GQA was motivated partly by inference memory constraints: reducing KV footprint is one of the few architectural decisions that improves the arithmetic intensity achievable at a given hardware configuration without requiring more GPUs.

The Economic Implication

The arithmetic intensity calculation explains something beyond raw performance benchmarks: the cost per token in a serving system.

At batch size 1, a single A100 generates roughly 76 tokens per second with LLaMA-2 13B. At batch size 156+, the same hardware generates roughly 11,800 tokens per second, a 155x difference for the same hardware cost per hour. Per-token costs at low batch sizes are structurally high because the GPU is idle for 99% of each decode step.

API pricing for LLM inference has dropped roughly 90-95% since mid-2023. That price collapse tracks the broad deployment of continuous batching and paged KV cache management. The economics shifted when systems could reliably operate near the arithmetic intensity threshold rather than at a small fraction of it.

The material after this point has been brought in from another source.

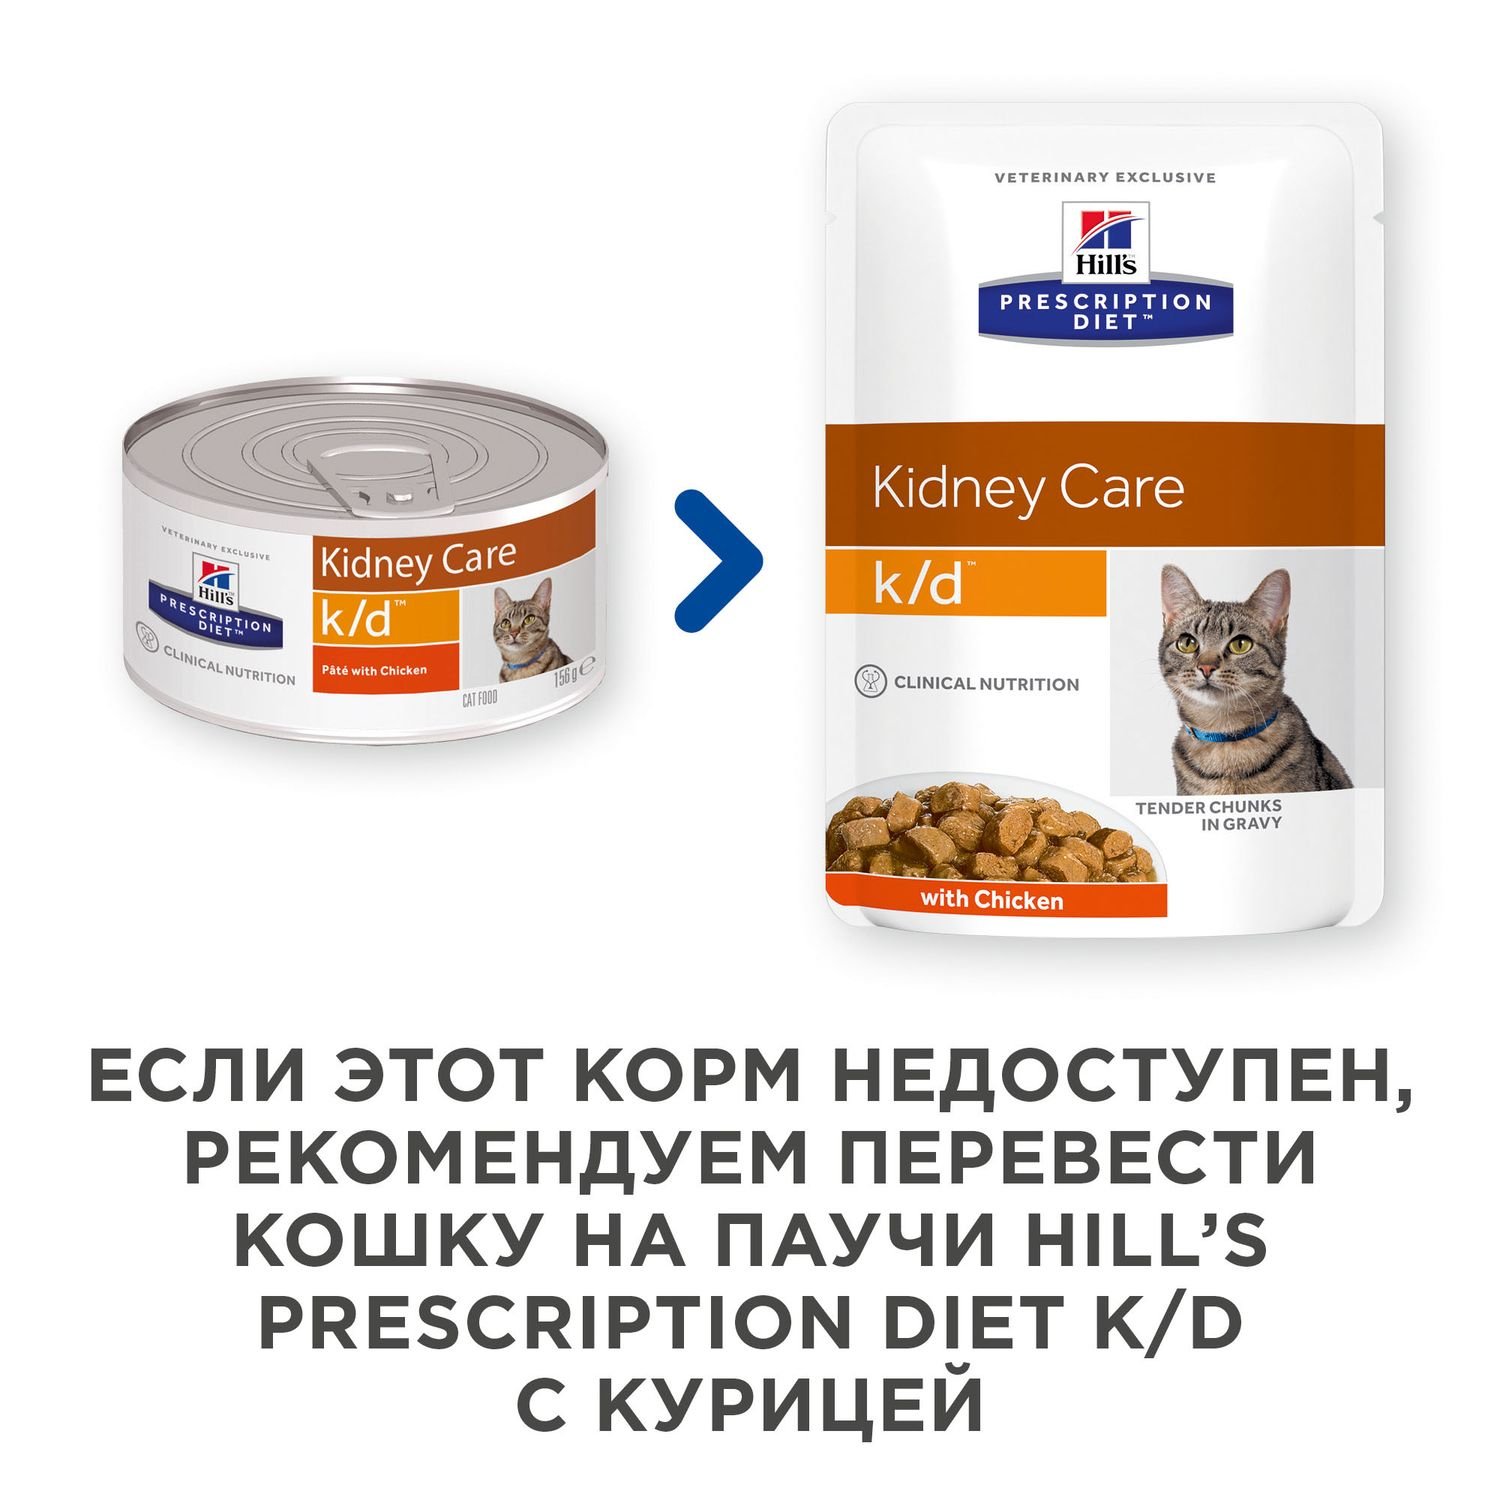 Корм для кошек HILLS 156г Prescription Diet k/d Kidney Care для почек с курицей консервированный - фото 4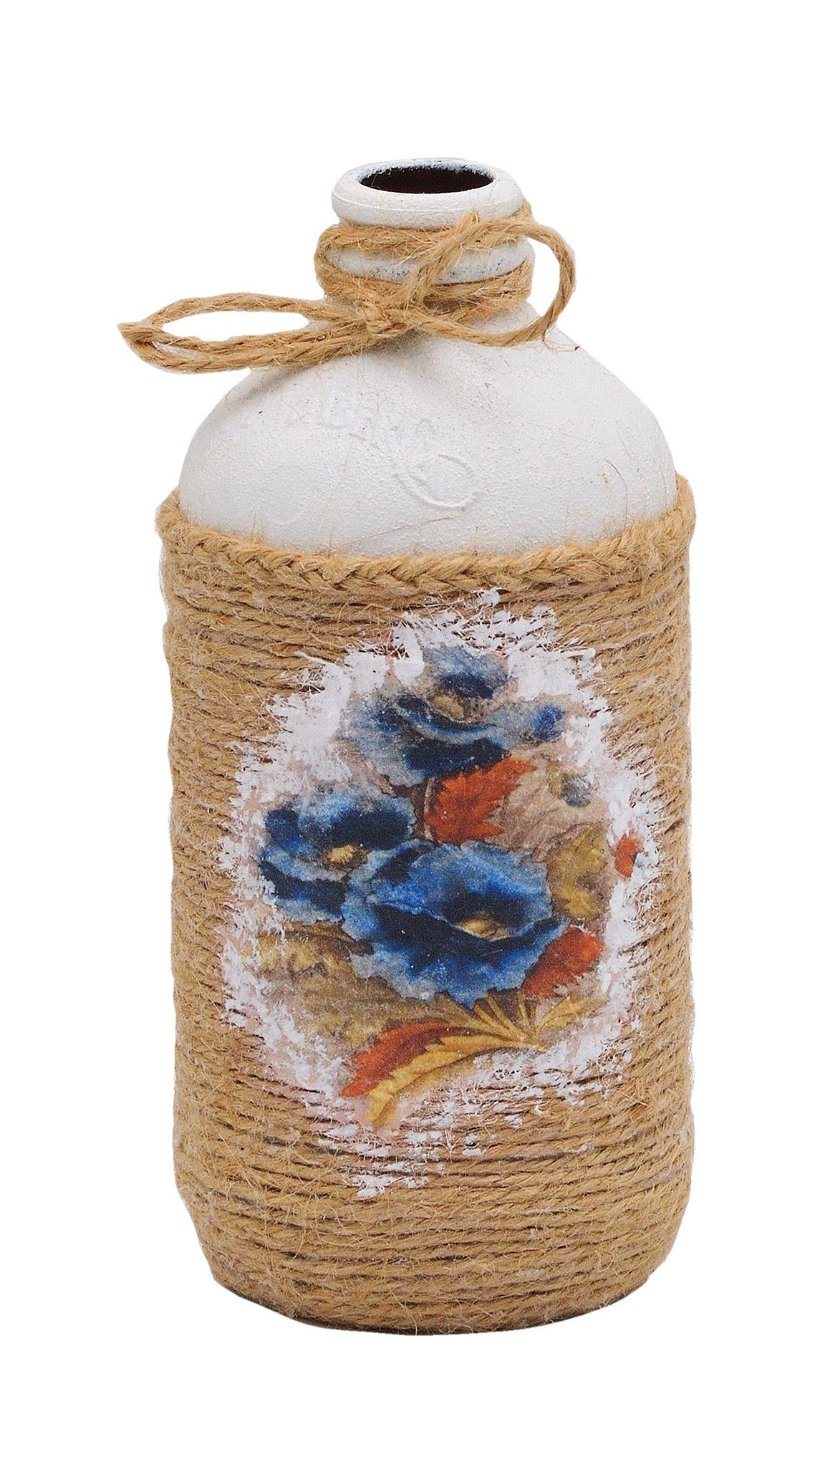 Sticla îmbrăcată în șnur iuta și decorata cu hârtie orez, 2135

For anyone planning capacity, this has a practical consequence: adding more hardware does not help if scheduling constraints prevent reaching the ridge point. An underloaded system with continuous batching enabled will be just as memory-bandwidth-bound as a static-batching system, because arithmetic intensity scales with concurrent sequences, not with peak hardware. The HuggingFace walkthrough covers how the scheduling mechanics produce high utilization; the hardware math above is why getting there matters as much as it does.